2. Identify wifi hotspots - or Internet-enabled locations - in your area. If my Internet connection went down, I’d drive into town to connect at a cafe or restaurant or even a hotel or campground. Some McDonalds and Wendys even offer wifi so find out which businesses are wired and use them as backup when your access goes down.
3. Stock up on car chargers. Even when house power went out - particularly in my RV - I could rev up the engine and power up my essential tools and gadgets including computer and mobile devices. Invest in a USB car charger to charge your handhelds such as the SynCh from Malleable Devices.*
4. Sign up for shipping accounts. FEDEX, UPS, DHL - they all claim to reach from every door to door. Find out which ones offer the most reliable pick up and shipping services and take advantage of their services to save yourself time and the cost of gas driving to town to ship things.
5. Join online forums or social networks. Isolation can be hard when you’re living in a rural area and your nearest neighbor is miles away. Stay connected with peers by joining social networks relevant to your industry or other professional networks where you can get answers to business questions, hear about the latest trends or just have contact with other people.
Small Biz Survival
I asked Becky McCray, a rural small business expert, for some of her tips for very rural small businesses. Becky blogs at Small Biz Survival. She is also a small town entrepreneur, the co-owner of a liquor store and cattle ranch.
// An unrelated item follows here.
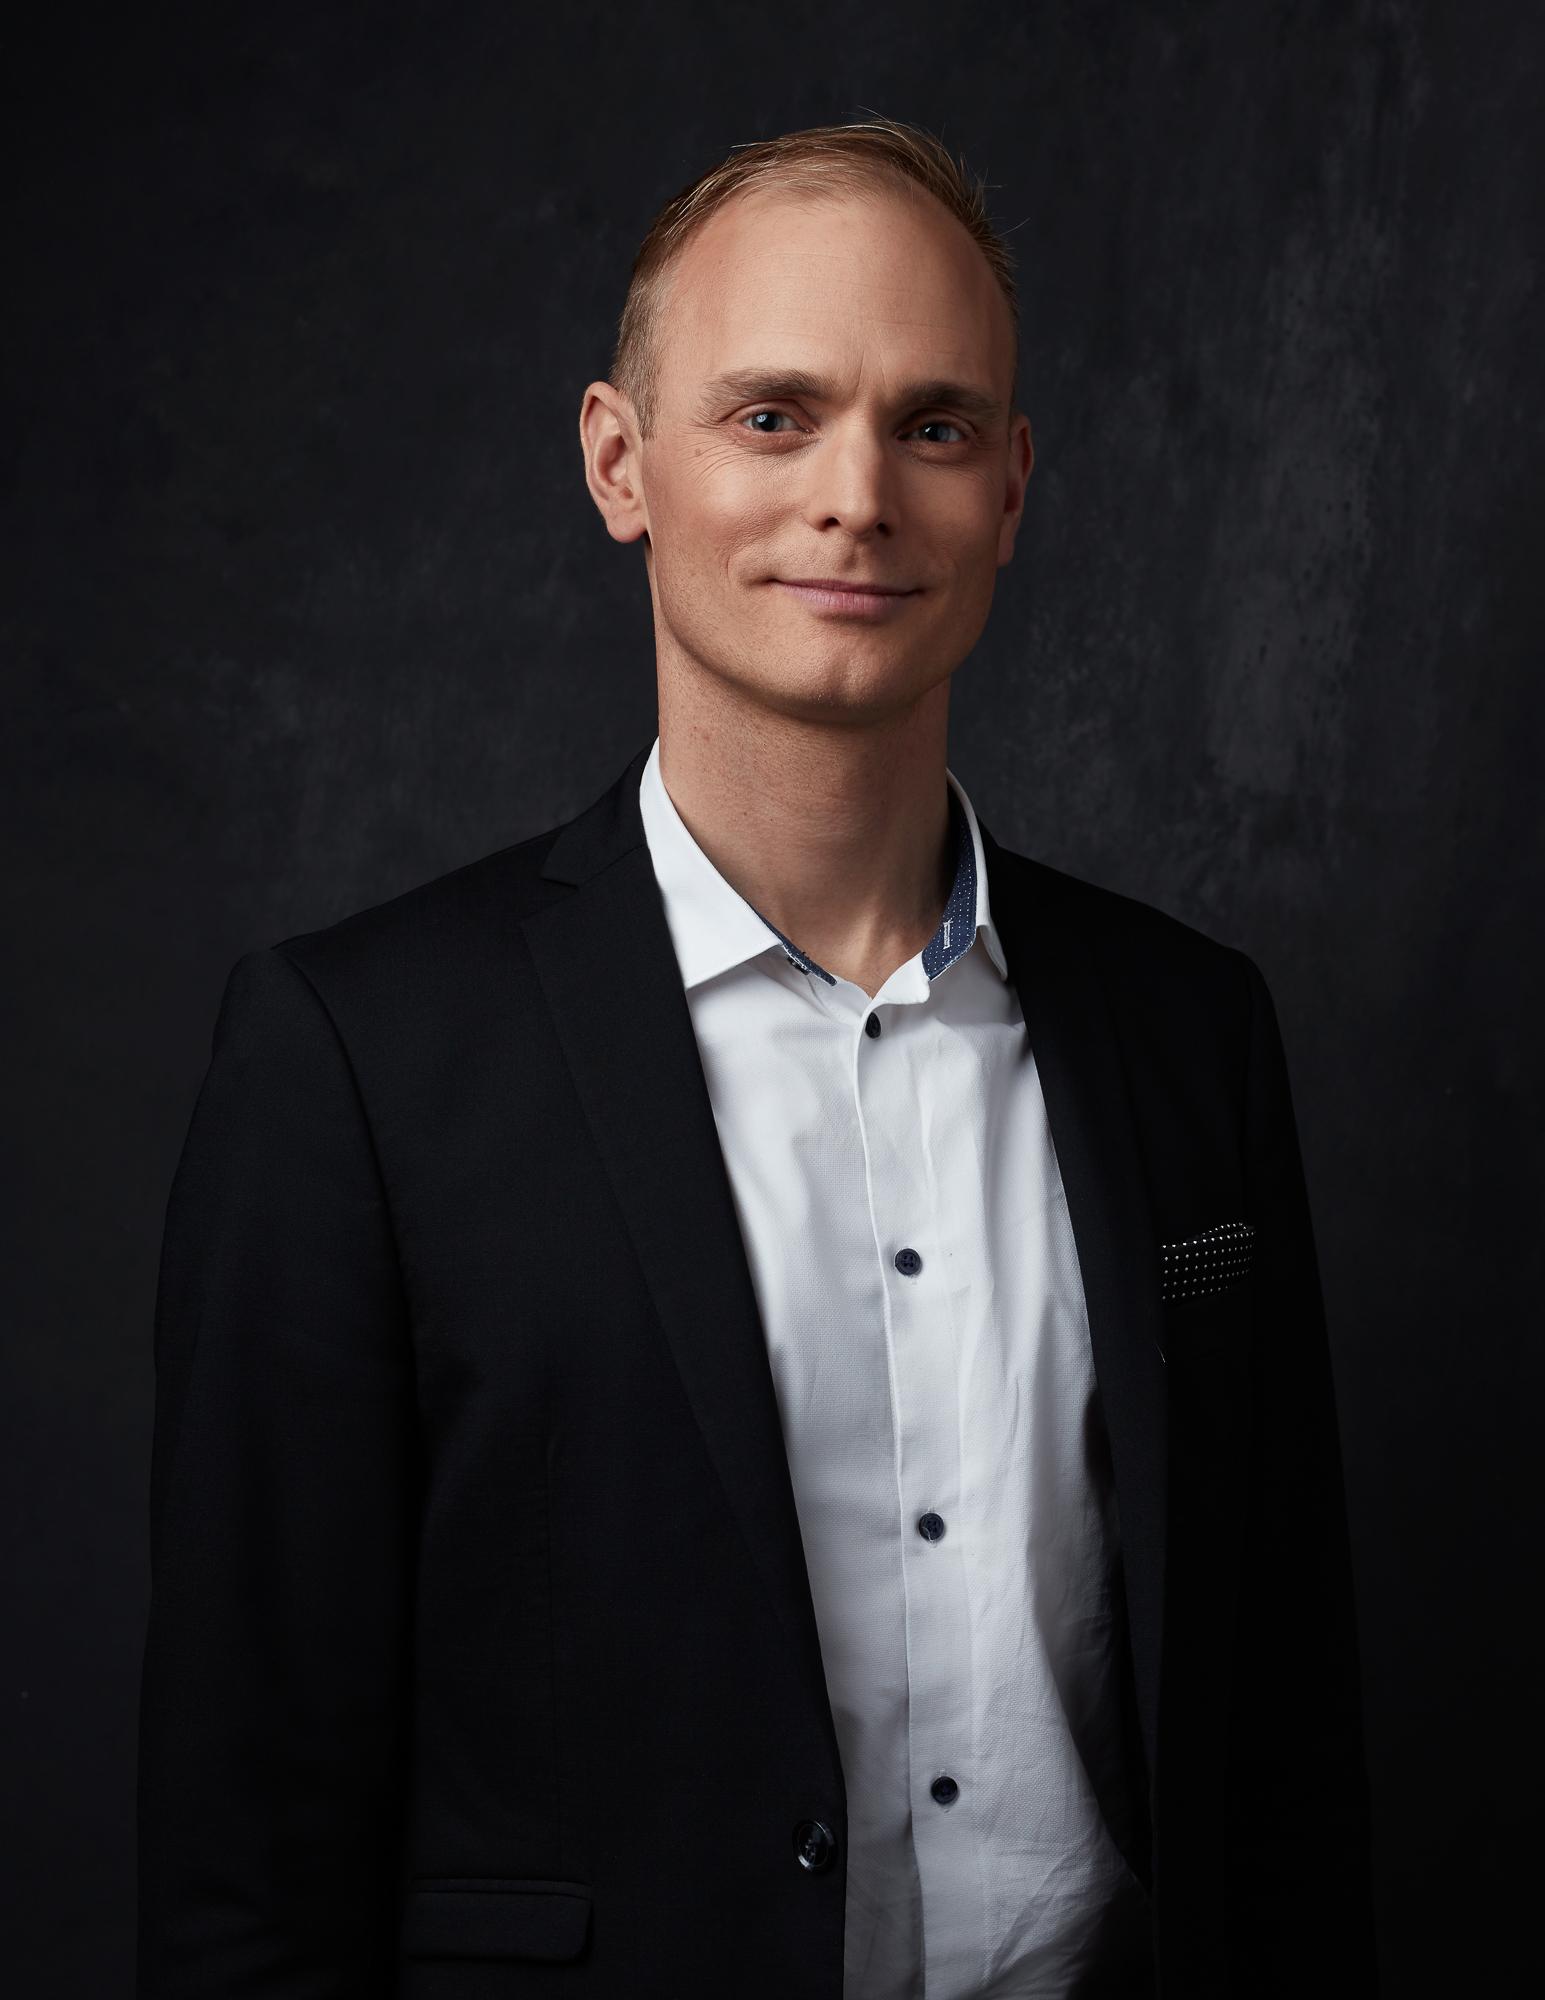 Ulf Claesson

She writes about small business and rural issues based on her own successes and failures. As a consultant, she helps small businesses and small town governments to get things funded and get things done.
Here’s what she advises:
6. Don’t forget the library for wifi or public internet access.
7. Look for online support and advice from professionals, like business counselors with the Small Business Development Center. (Note from Aliza: A good example is WyomingEntrepreneur.biz. Disclaimer: They are one of my clients, however, they are delving more and more into social media to interact with Wyoming entrepreneurs, particularly those in remote areas.)
8. Take advantage of online resources, like Inc.com, Entrepreneur.com, or WillItFly.com.
9. Take advantage of small town friendliness to find your local support services. For example, who will receive a package for you? Besides the office supply, where can you make a quick photocopy? In my town, you could try the library, the post office, or the bank. Think about what services you are likely to need, before you need them.
10. Be sure you track your mileage every time you drive somewhere for business. That trip to the state capital or county seat to file some obscure form? Deductible.
11. Consider your business insurance coverage. Rates can be cheaper in rural areas, so don’t just ignore it. Especially consider general liability to protect you from many different risks and equipment coverage to replace any business equipment, because home owner’s insurance typically won’t cover it.
12. Check for small business services at your local schools, including junior colleges and technical schools. Even in small towns, many have an economic development person, a business incubator, or a business support service. You may be able to access wifi, equipment, basic services, a conference room or even high quality video conferencing at low or no cost.
13. Have local utilities or cooperatives? Ask what business services or consulting they provide. You might be surprised!
14. Join relevant trade associations. Extra connections within your industry can help you network and improve your skills.
You may be rural and remote, but you are not alone!
Are you doing business from rural and remote places? How do you stay connected, save time, save money, and not just survive but thrive?